Overheated melodrama with horror movie elements that seems determined to make ballet into more of a psychological and physical trial by torture than is entirely plausible. Natalie Portman won an Oscar for her role as the tormented dancer, and she gets good support from Mila Kunis as her potential rival and Barbara Hershey as her mother. But I found myself laughing at its excesses when I think director Darren Aronofsky, over the top as usual, meant for me to shudder at them.

Saturday, August 12, 2017

Requiem for a Dream (Darren Aronofsky, 2000)
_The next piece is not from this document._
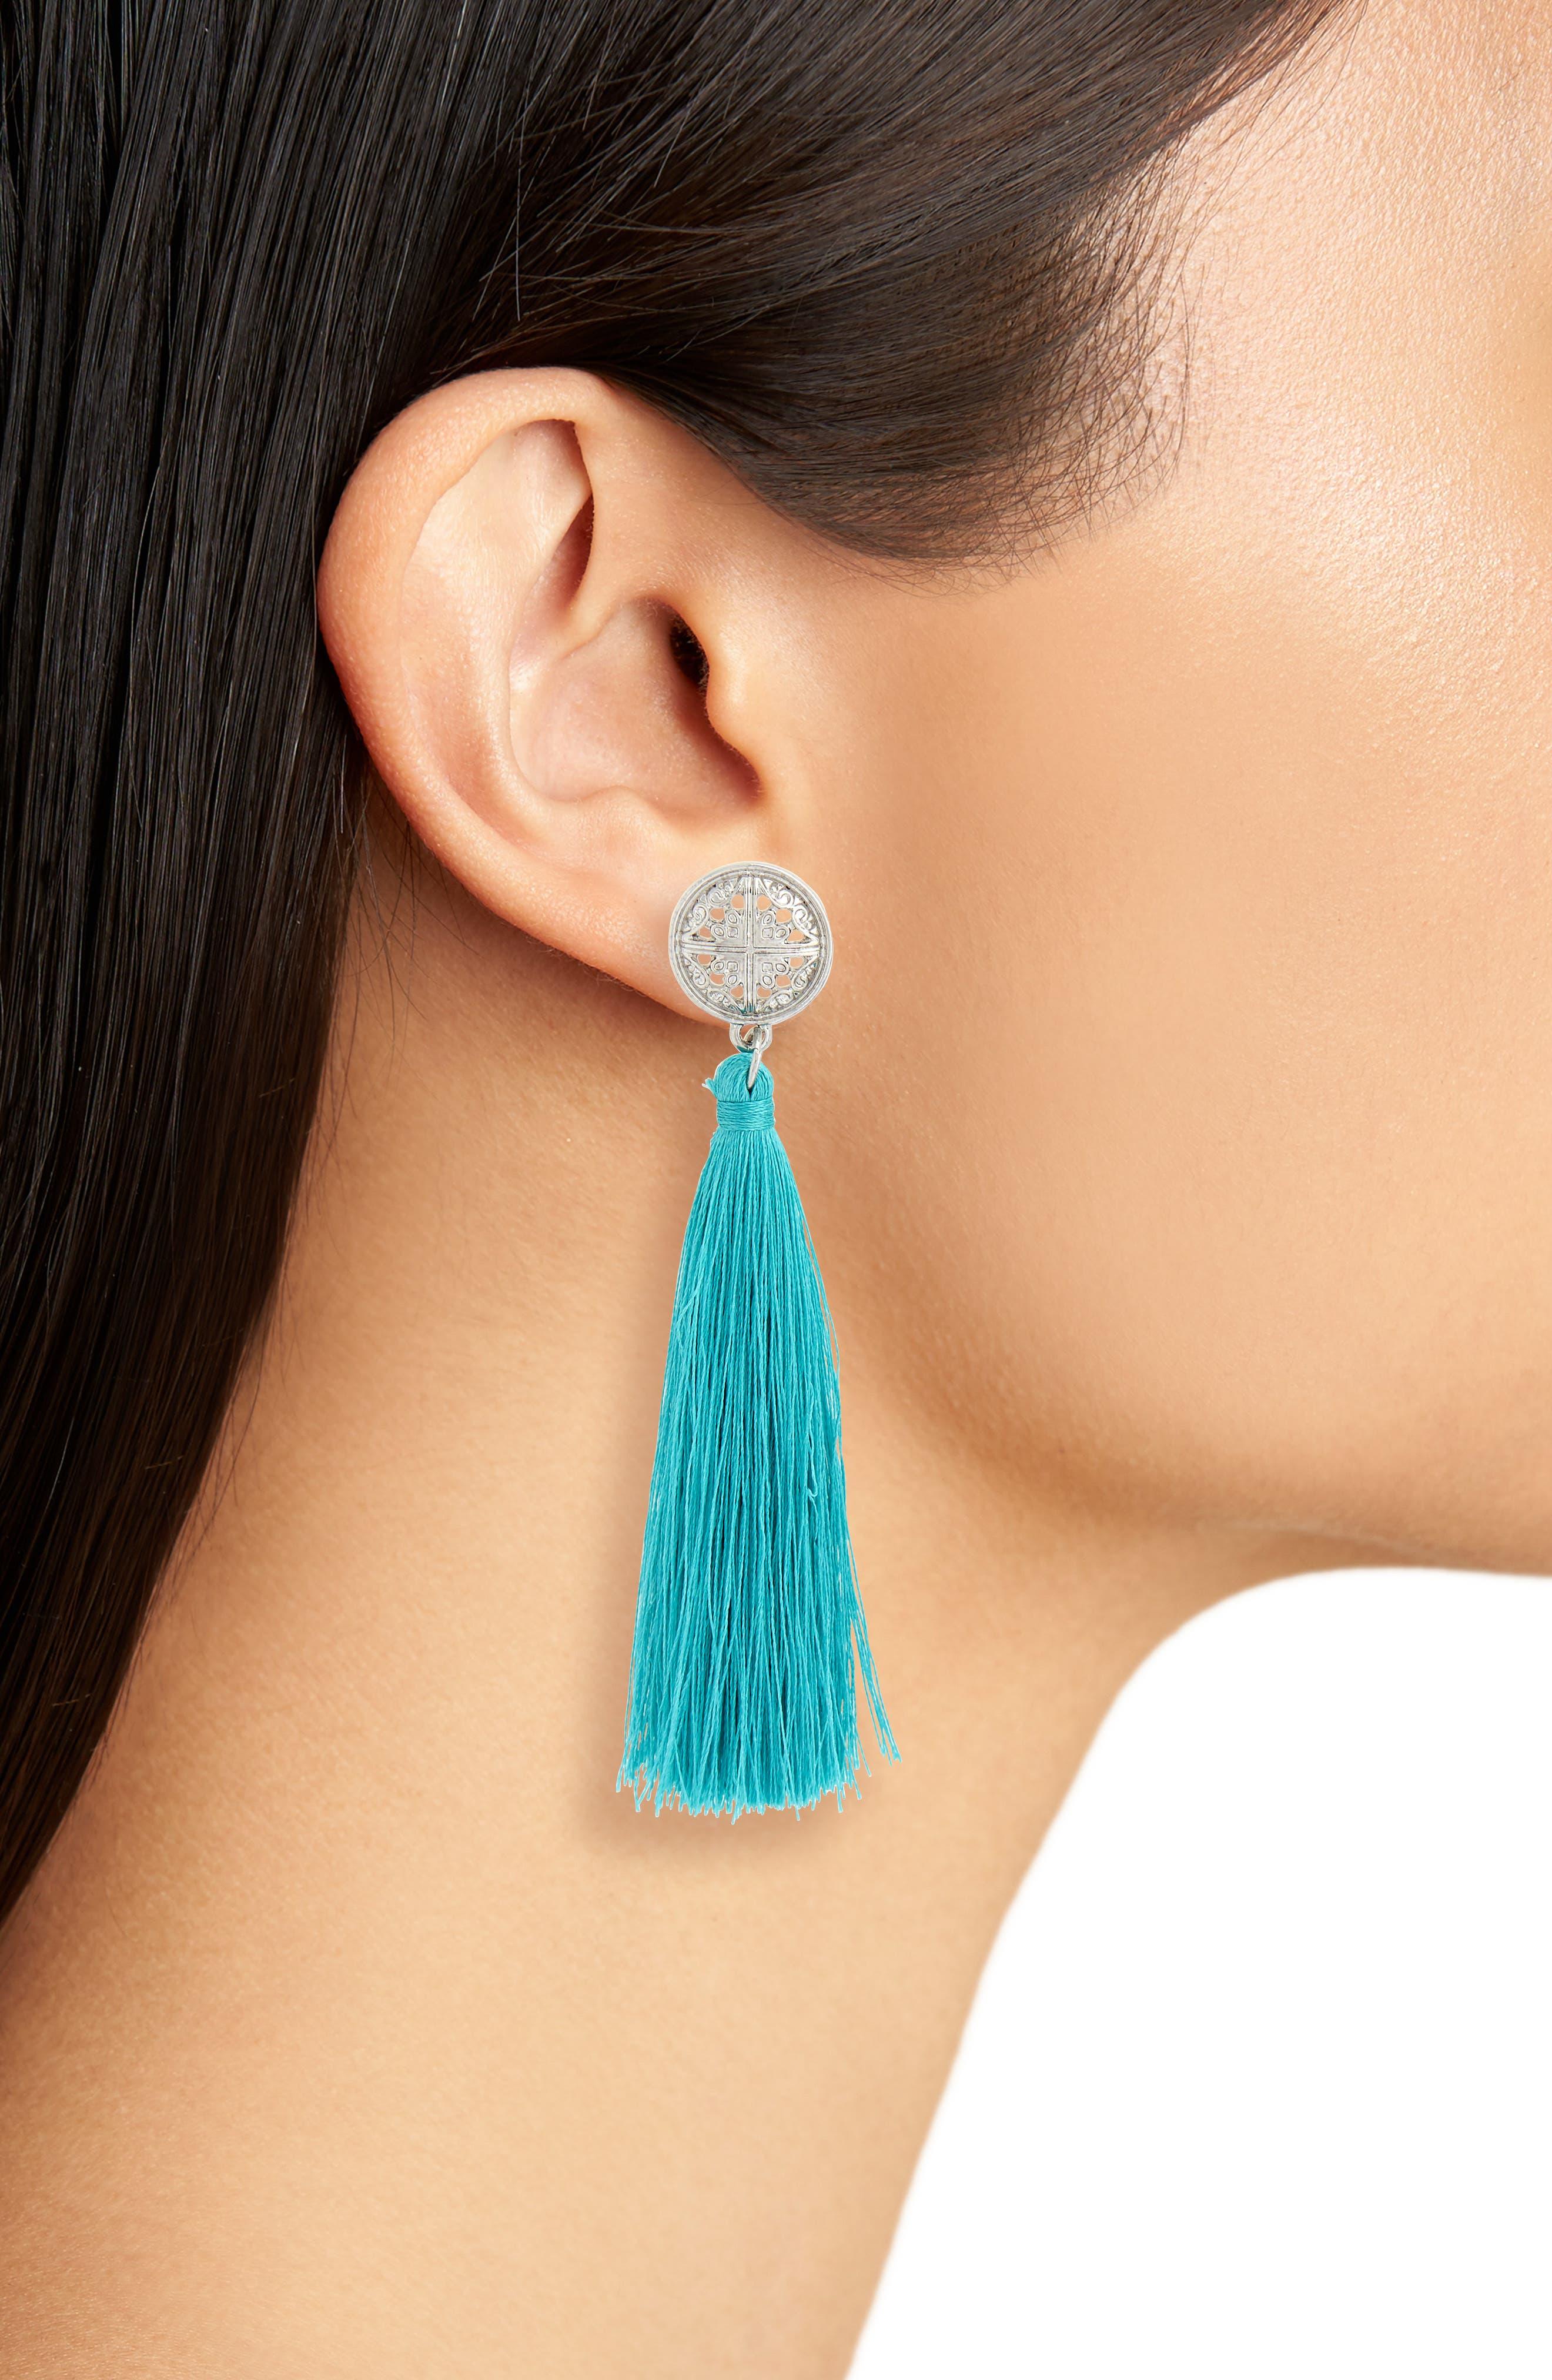 Tassel Coin Earrings,                             Alternate thumbnail 2, color,                             440
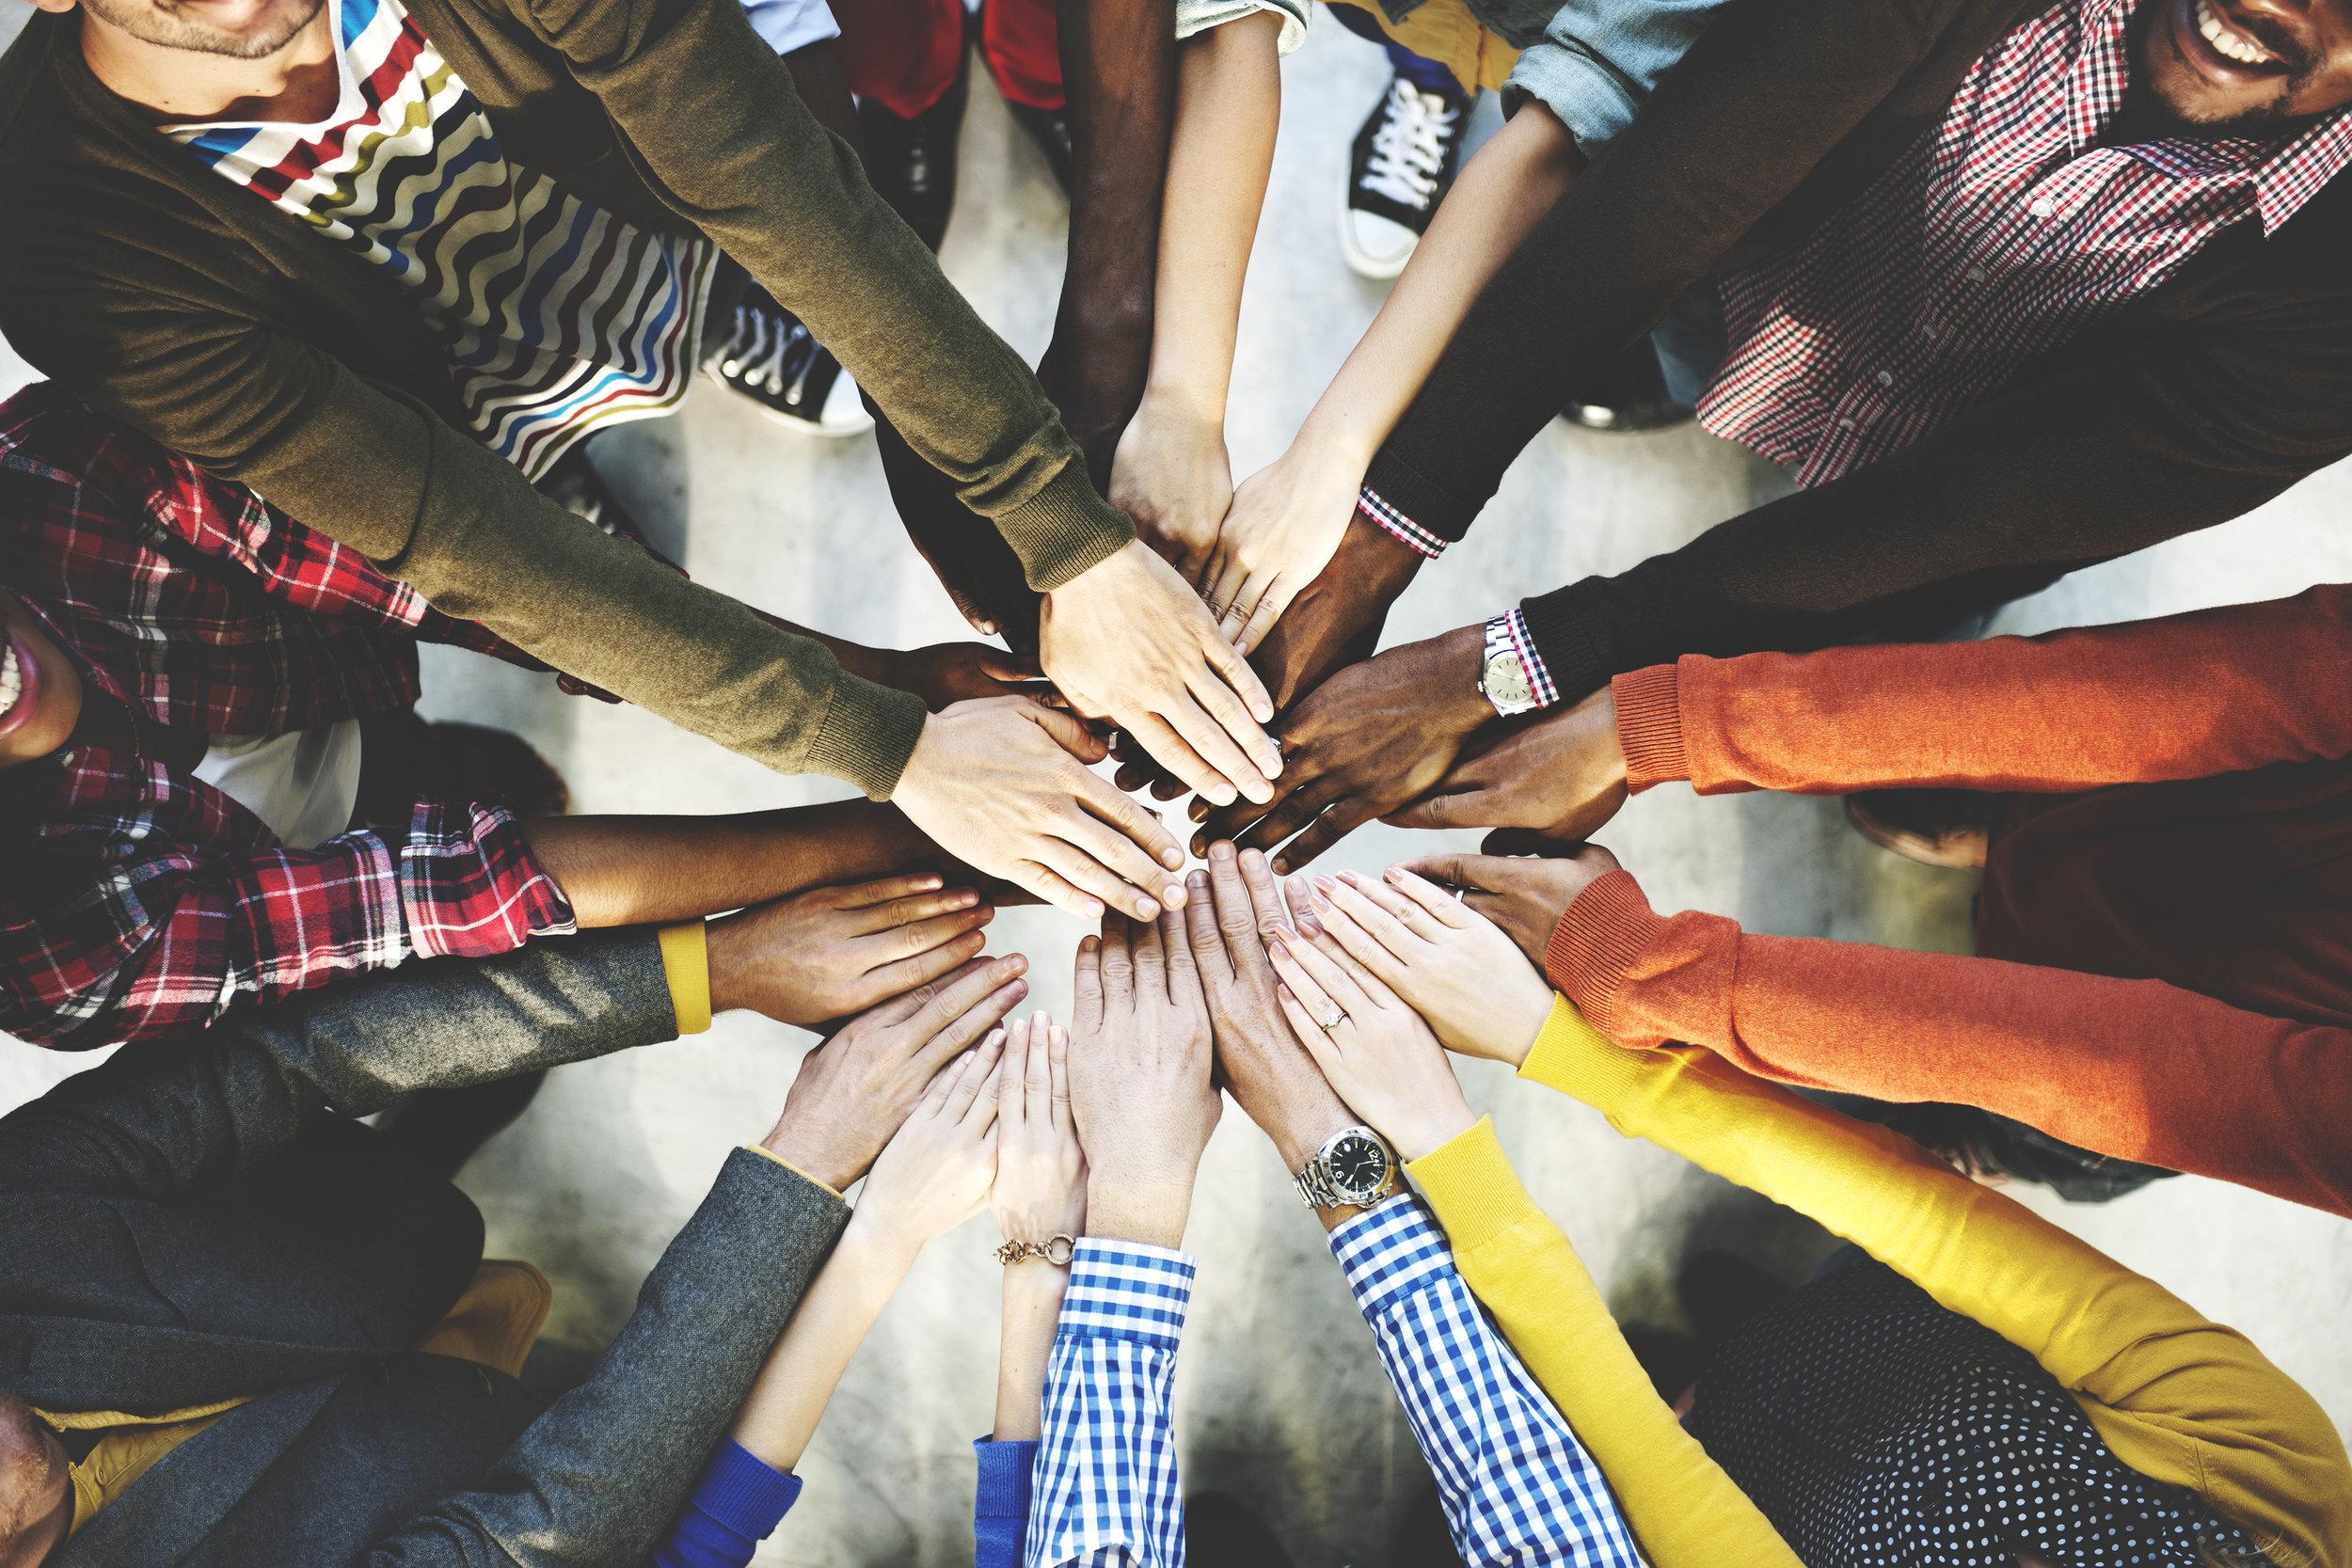 bigstock-Group-of-Diverse-Hands-Togethe-109645244.jpg

Ellen Burstyn in Requiem for a Dream
Sara Goldfarb: Ellen Burstyn
Harry Goldfarb: Jared Leto
Marion Silver: Jennifer Connelly
Tyrone C. Love: Marlon Wayans
Tappy Tibbons: Christopher McDonald
Ada: Louise Lasser

Director: Darren Aronofsky
Screenplay: Hubert Selby Jr., Darren Aronofsky
Based on a novel by Hubert Selby Jr.
Cinematography: Matthew Libatique
Production design: James Chinlund
Music: Clint Mansell
Film editing: Jay Rabinowitz

Our president recently addressed the opioid crisis by suggesting a familiar cure: Just tell children "Don't do drugs. Drugs are bad." But if that doesn't work, you might show them Requiem for a Dream, which should shock anybody straight. I have a feeling that Darren Aronofsky's film is not regarded quite so highly today as it was when it was released and critics used words like "compelling" and "visionary" about it and its director. Certainly it has a cast giving it their considerable all, and it scores some direct hits not only on the drug culture but also on the manic popular media embodied in the infomercial/game show Sara watches constantly. But before its notorious apocalyptic ending, in which all the major characters are raked through the mire, it often seems to be a vehicle for directorial self-indulgence. The split-screen effect early in the film, when Harry shuts Sara out of the room while he's "borrowing" her TV set, feels more like a show-off technical stunt than like an effective way to heighten the storytelling. And the laid-on effects throughout the film -- off-kilter camera angles, slow-motion and speeded-up scenes, busy montage, color tricks -- don't always advance the story or enhance our understanding of the characters. That said, Requiem for a Dream hasn't lost its power to grab viewers and rub their noses in the messes people make of their lives.